Finally, following the PCR-based pre-amplification, an aliquot can be placed into a lower-plex decoding PCR. For example, in (C) a strand of the amplicon resulting from the PCR-based pre-amplification of (B) is shown (20). This strand can be amplified in a decoding PCR, and the original target nucleic acid quantitated. As shown in (C), the PCR can comprise a forward primer (14) and a reverse primer (17), which are the same sequences as the forward primer (14) and reverse primer (17) employed in the PCR-based pre-amplification. The decoding PCR in (C) can be analyzed in real-time, using a detector probe such as 5′-nuclease cleavable probe (21), comprising a florophore (F) and a quencher (Q). The detector probe can be highly specific for a particular amplified target nucleic acid due to the zip-code introduced in the stem-loop reverse primer in (A). The detector probe comprises sequence that is complementary to the 3′ end region of the target nucleic acid, as well as the same sequence as the zip-code sequence of the 3′ stem region of the stem-loop reverse transcription primer.
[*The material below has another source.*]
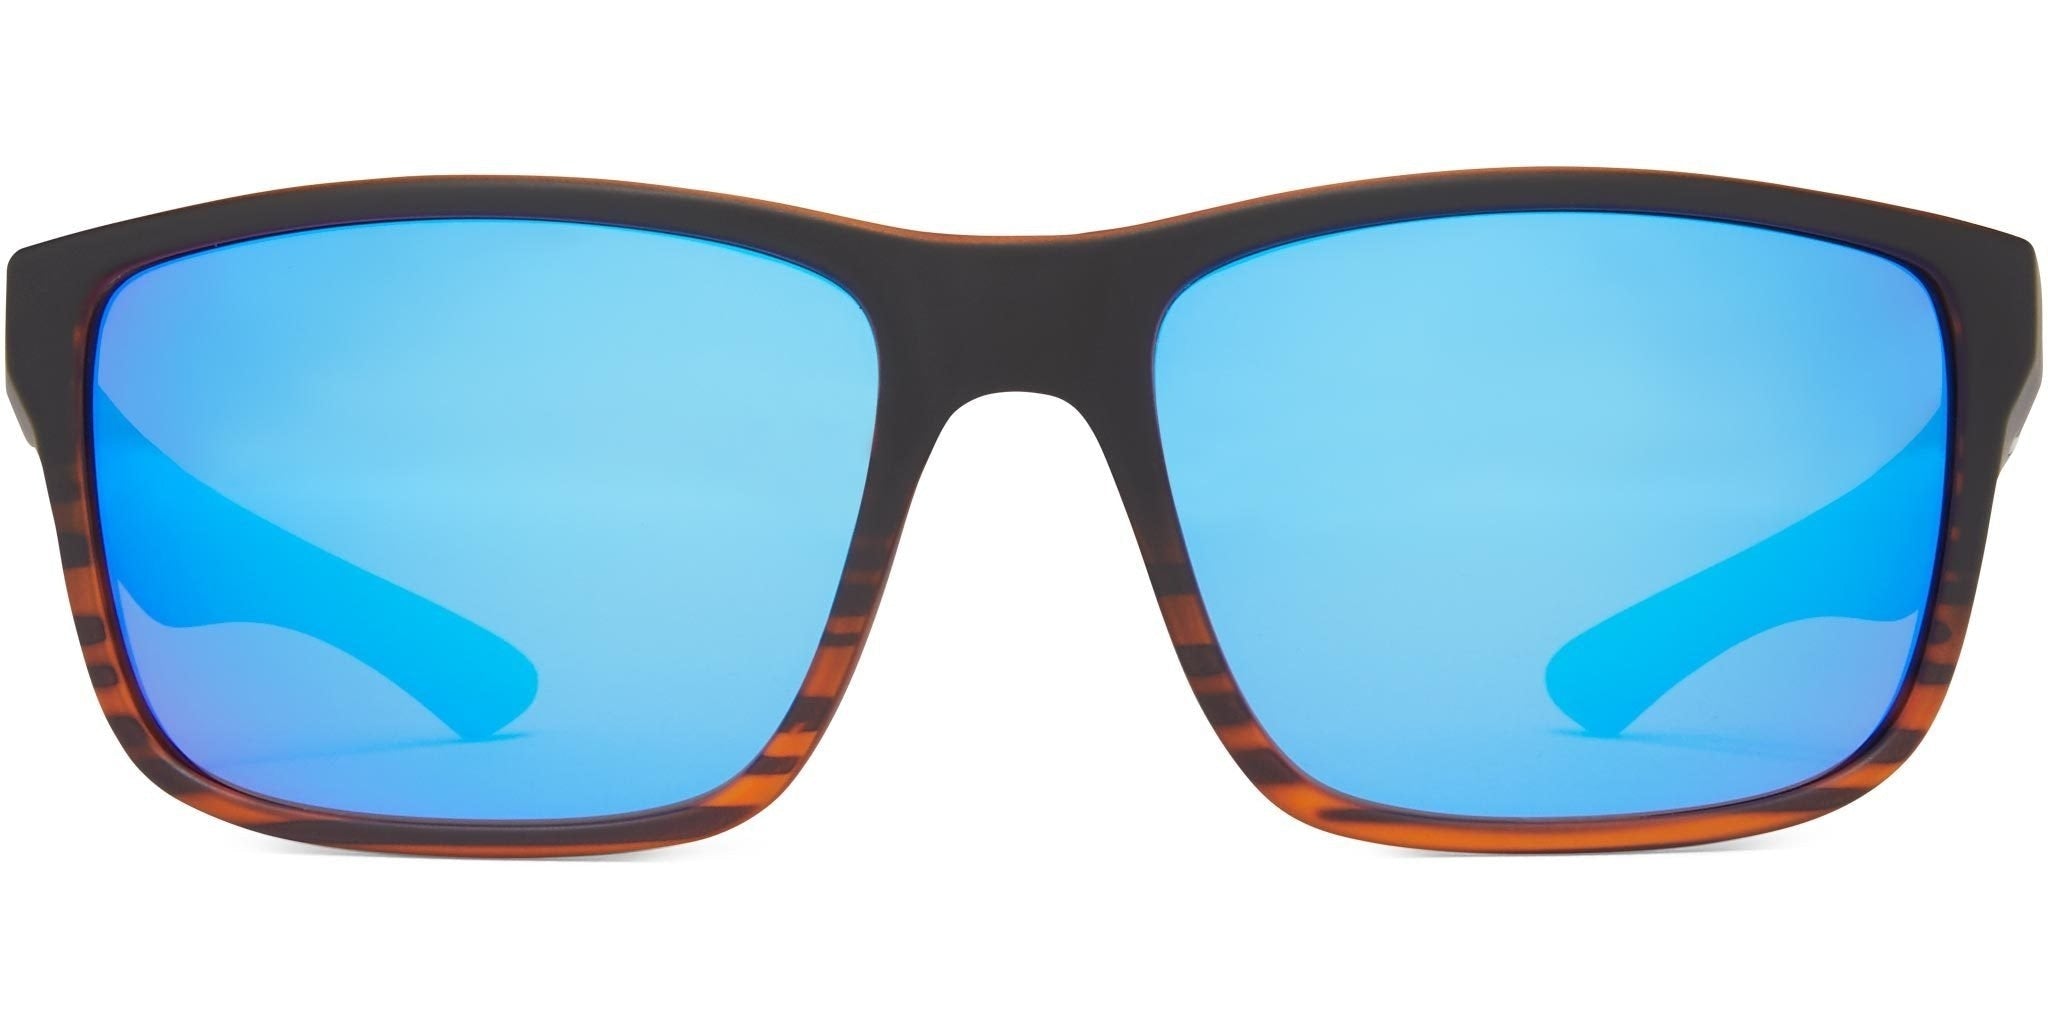  Fisherman Eyewear Men's Cabana Polarized Rectangular  Sunglasses, Black, 39mm,56mm,145mm : Clothing, Shoes & Jewelry

Applying the logic presented by the molecular architecture depicted in
A high degree of accuracy is achieved by the two zip-codes that are encoded into each amplicon. First, a zipcode is encoded into each stem-loop reverse primer by a distinct zip-code stem. Thus, for a 1000 targets of interest, 1000 different stem-loop reverse transcription primers are employed. Each of the 1000 stem-loop reverse transcription primers has a 3′ target specific portion that queries a particular target of interest. Each of the 1000 stem-loop reverse primers further has a unique zip-code sequence in the stem. And, each of the 1000 stem-loop reverse primers has a loop. The loop can be the same sequence for all 1000 stem-loop reverse primers, thereby allowing a single reverse primer to be employed in the multiplexed PCR-based pre-amplification reaction. During the multiplexed PCR-based pre-amplification, 1000 different forward primers can be employed, where each of forward primer can comprise a 3′ target specific portion, and a 5′ zip-code tail region that contains a zip-code sequence that is uniquely associated with a particular target nucleic acid.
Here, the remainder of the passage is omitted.